Wednesday, September 24, 2014


20 “When a man strikes his slave, male or female, with a rod and the slave dies under his hand, he shall be avenged. 21 But if the slave survives a day or two, he is not to be avenged, for the slave is his money…26 “When a man strikes the eye of his slave, male or female, and destroys it, he shall let the slave go free because of his eye. 27 If he knocks out the tooth of his slave, male or female, he shall let the slave go free because of his tooth (Exod 21:20-21,26-27). 
I'm going to discuss a controversial OT law (esp. v20). 
i) Whenever we respond to unbelievers who attack OT ethics, we must constantly remind them that atheism has no basis for human rights. Atheism can't ground objective morality. Moreover, given their reductionistic view of human beings, there's no reason to think humans are the kind of entities entitled to special treatment.
Although it's tedious and repetitive to replay the same broken record, it's necessary so long as unbelievers evade the implications of their own position.
ii) OT laws don't necessarily endorse what they regulate. This is true of law generally. Laws of morality presuppose the existence of evil. Laws can't eradicate evil. At most, they improve the situation. Mitigate evil. The fact that OT law regulates slavery doesn't ipso facto mean it condones slavery. Not every evil can be forbidden. Some well-meaning laws are unenforceable. The best thing some laws can aim for is to limit damage. Make the status quo less harmful. 
iii) Critics needs to be clear on what they find objectionable in this law. Do they find slavery objectionable or corporal punishment? If their primary objection is to slavery, then they'd object to any OT law regulating slavery. They don't object to slavery because it may involve corporal punishment. So their offense at this particular passage is disingenuous.   
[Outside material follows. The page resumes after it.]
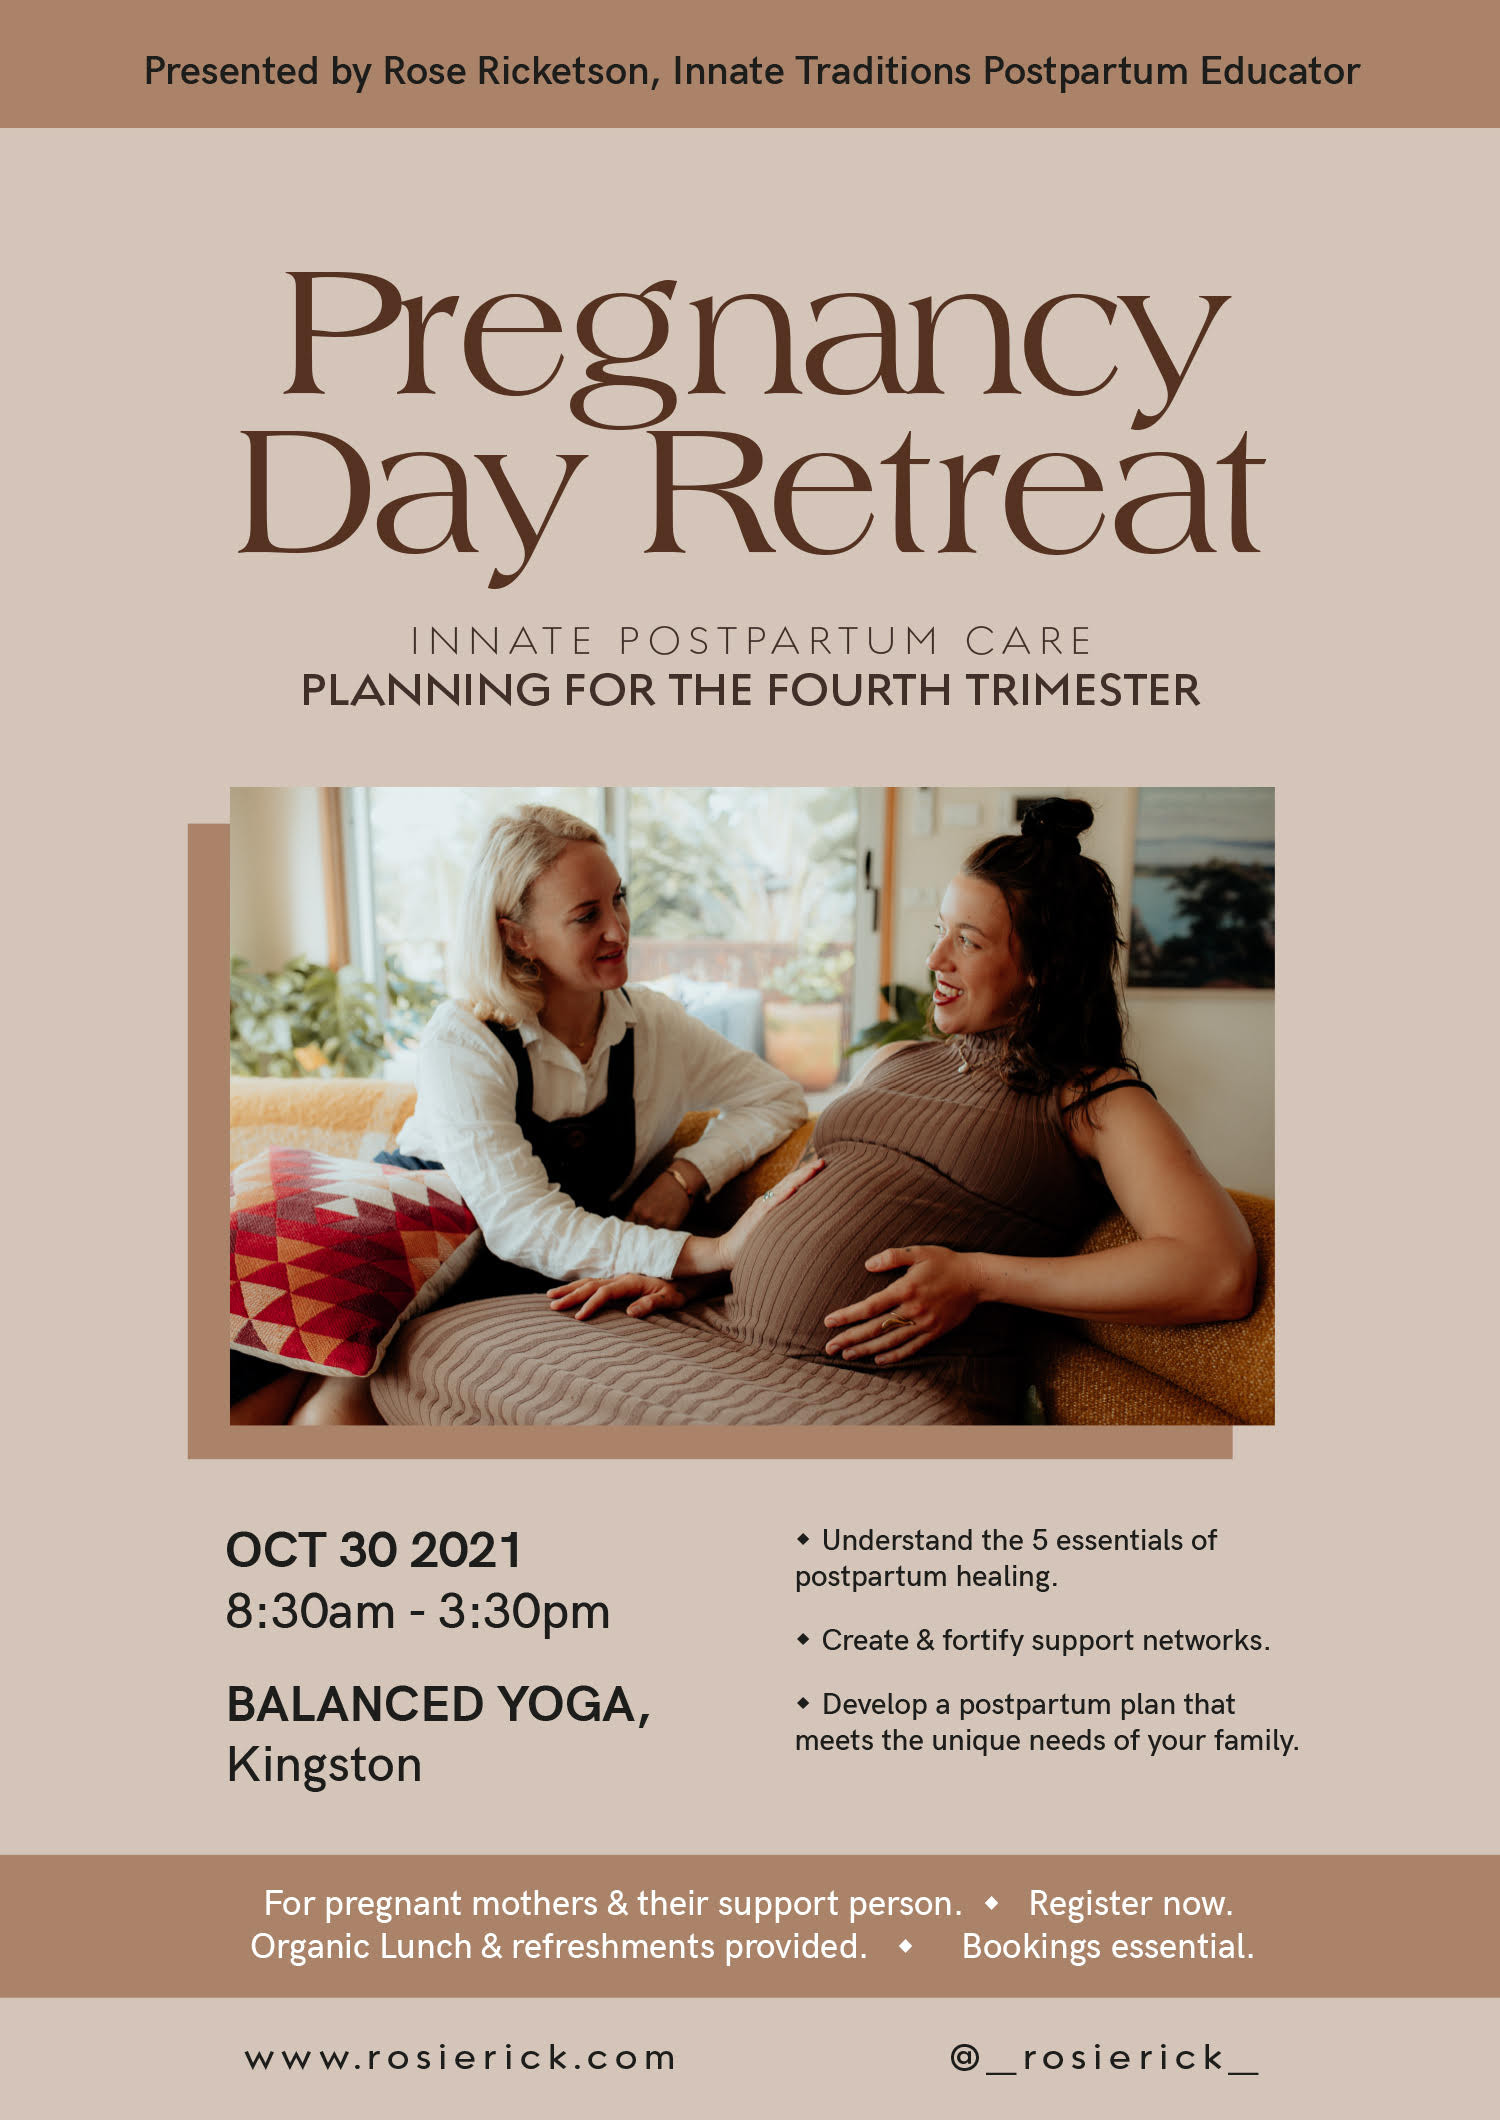 Pregnancy Day retreat

iv) "Slavery" is an umbrella term. There were different kinds of "slaves." There were indentured servants. There were war captives. Without repeating what I've said elsewhere, I don't think there's anything intrinsically wrong with indentured service or enslaving enemy combatants. You have to consider the practical alternative in that (or some analogous) situation. 
v) Assuming this verse alludes to corporal punishment, adult corporal punishment is hardly unique to this particular law. It's not as if flogging was reserved for slaves. Adult corporal punishment was a general punishment for various crimes:
“If there is a dispute between men and they come into court and the judges decide between them, acquitting the innocent and condemning the guilty, then if the guilty man deserves to be beaten, the judge shall cause him to lie down and be beaten in his presence with a number of stripes in proportion to his offense. Forty stripes may be given him, but not more, lest, if one should go on to beat him with more stripes than these, your brother be degraded in your sight (Deut 25:1-3).
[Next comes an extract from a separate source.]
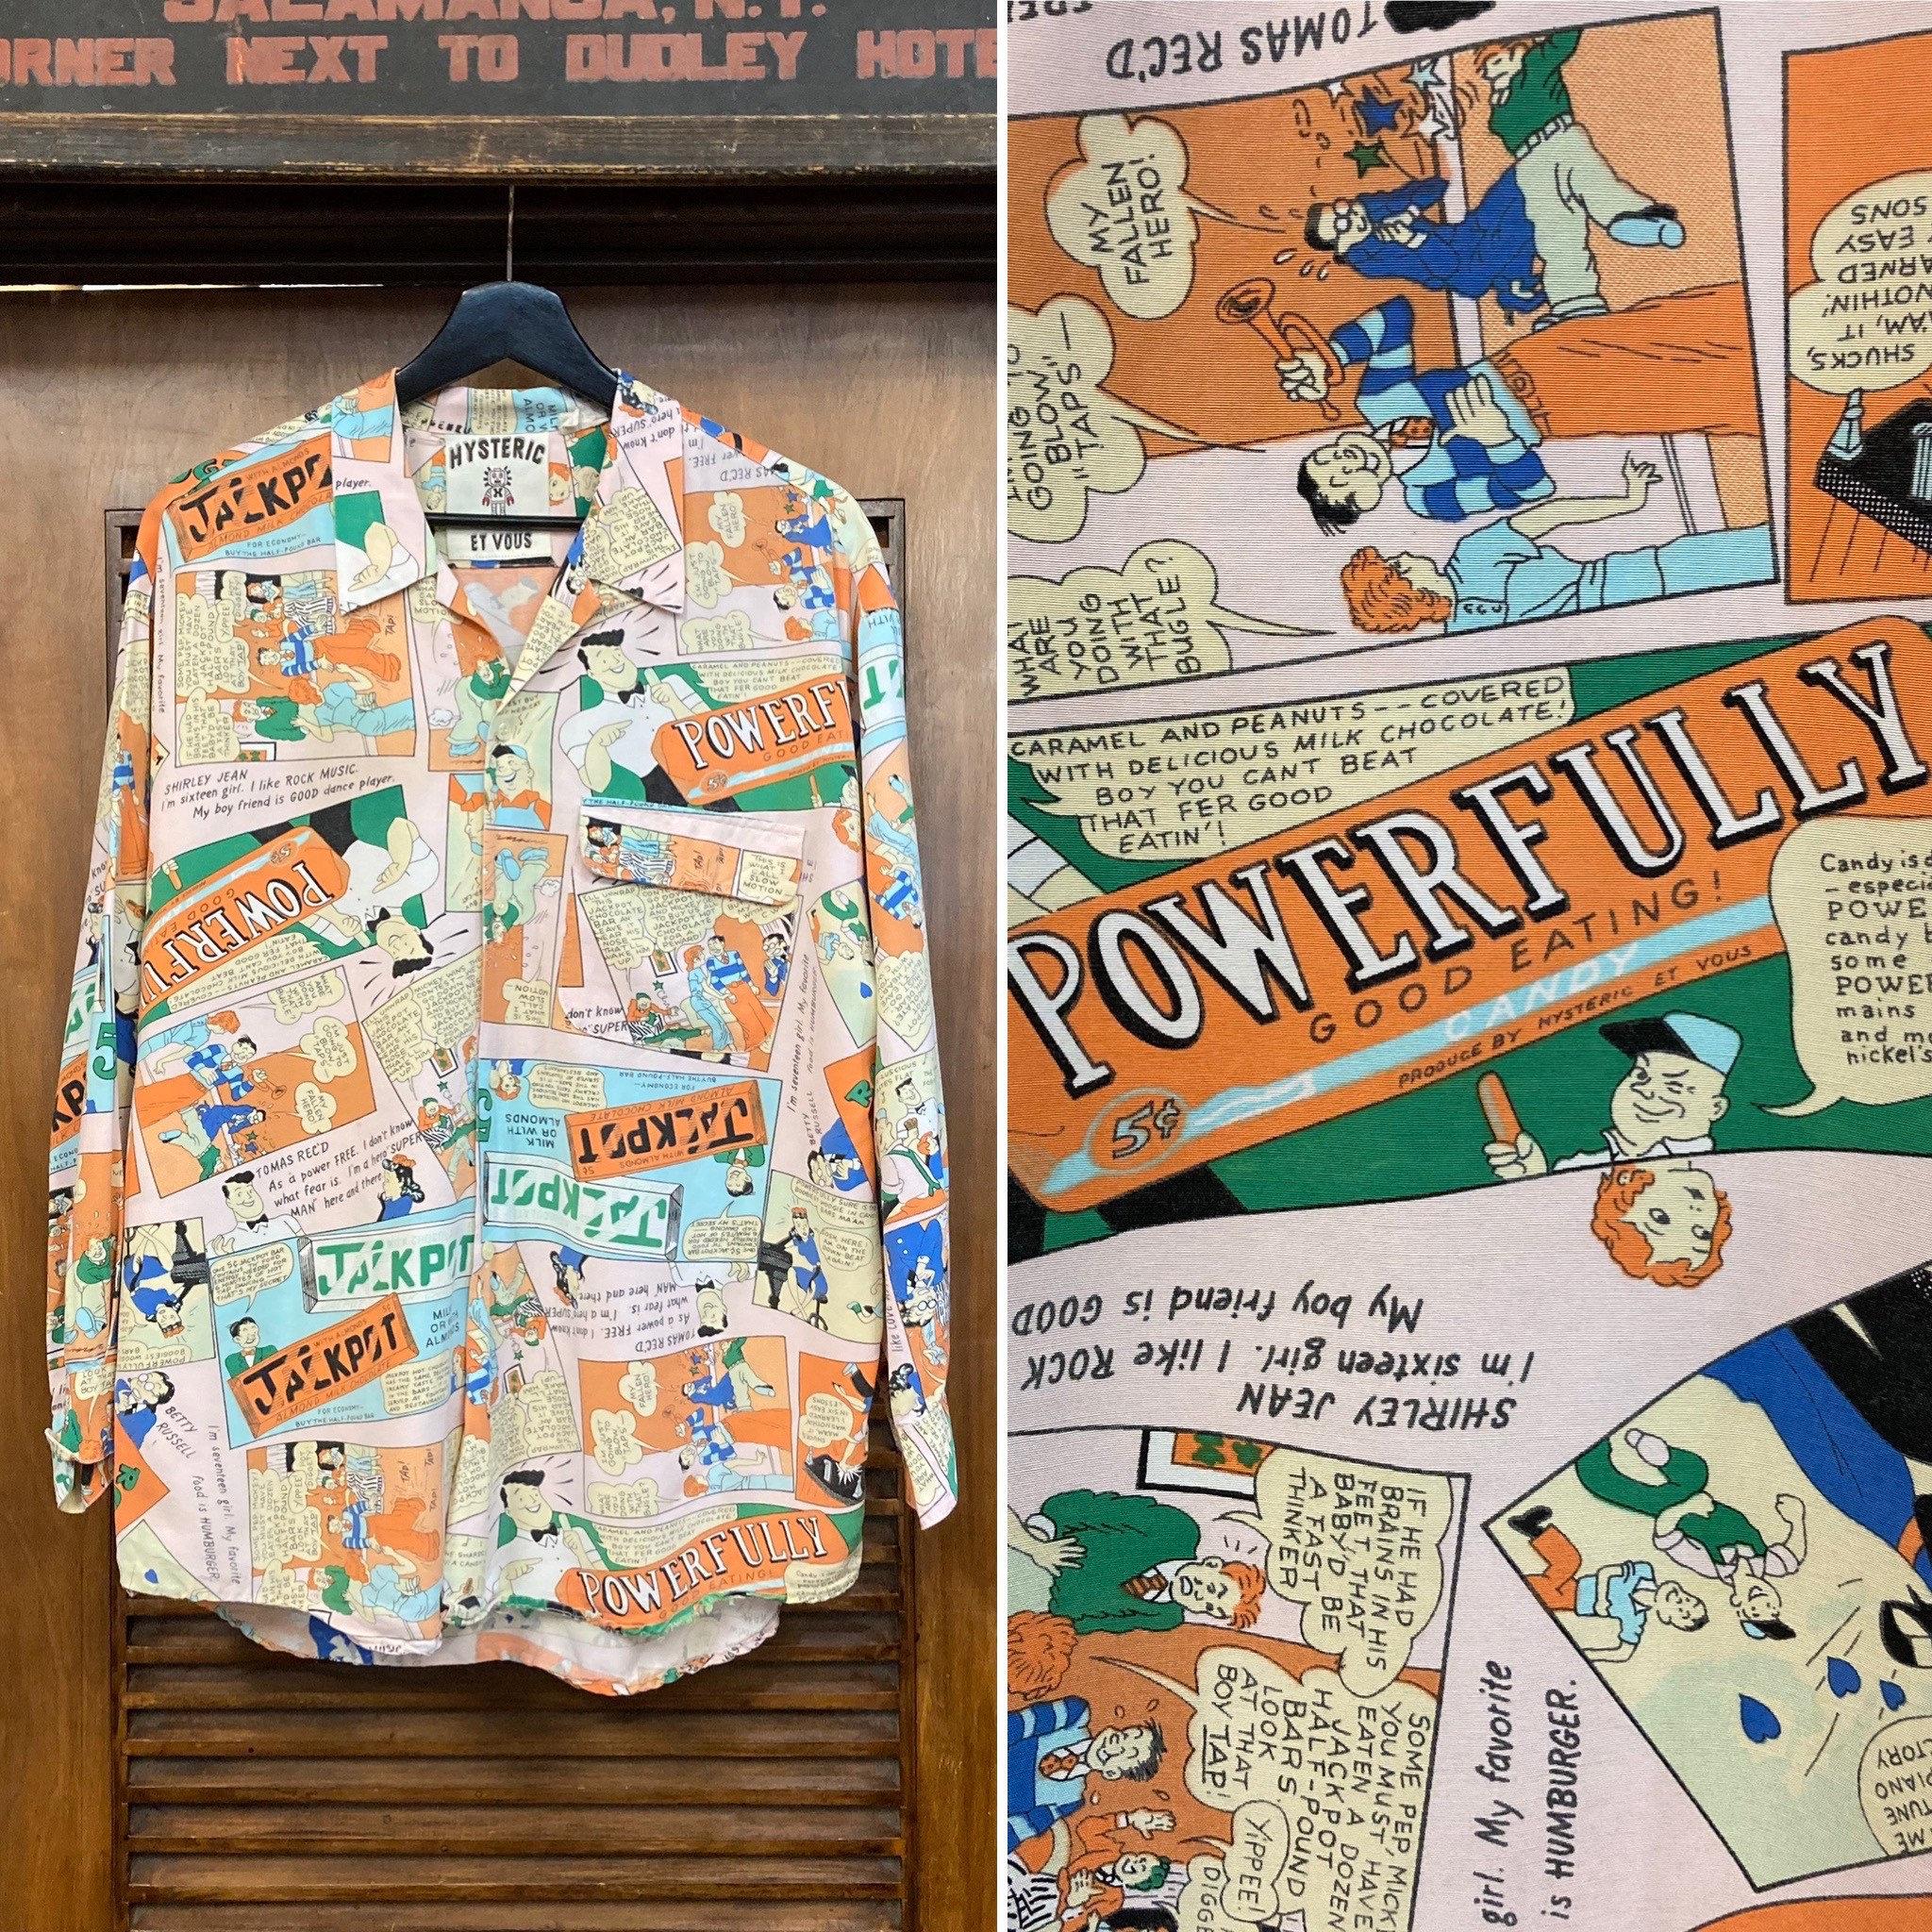 80s Tops, Shirts, T-shirts, Blouse   90s T-shirts Vintage 1980s Comic Book Cartoon Print New Wave Shirt, 80s Print, Comix, Style, Clothing $250.00 AT vintagedancer.com

In principle, a slave master could also be punished by flogging if he committed a crime where that was the usual punishment. Both masters and slaved could be subject to flogging. Masters were not exempt. 
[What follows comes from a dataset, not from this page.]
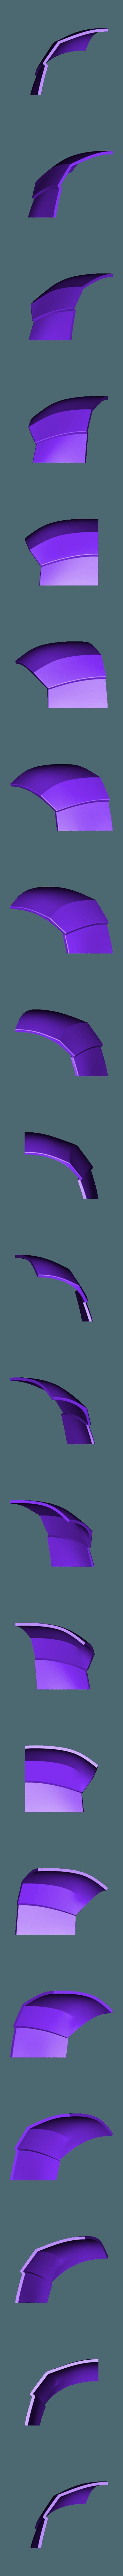 part 8.stl Download STL file Deathstroke Injustice Helmet • 3D printable model, VillainousPropShop

vi) Although commentators tend to assume 21:20 refers to discipline, that's not entirely clear. It occurs in the context of other passages dealing with assault and battery. So it may not refer to corporal punishment at all. 
vii) This statute is actually concerned with protecting slaves from physical abuse. According to scholars, this is unique among ANE law codes. It's not about the rights of the master, but the rights of the slave. It limits the prerogatives of the master. Indeed, an abusive master is subject to legal jeopardy (perhaps the death penalty). So that's a significant deterrent.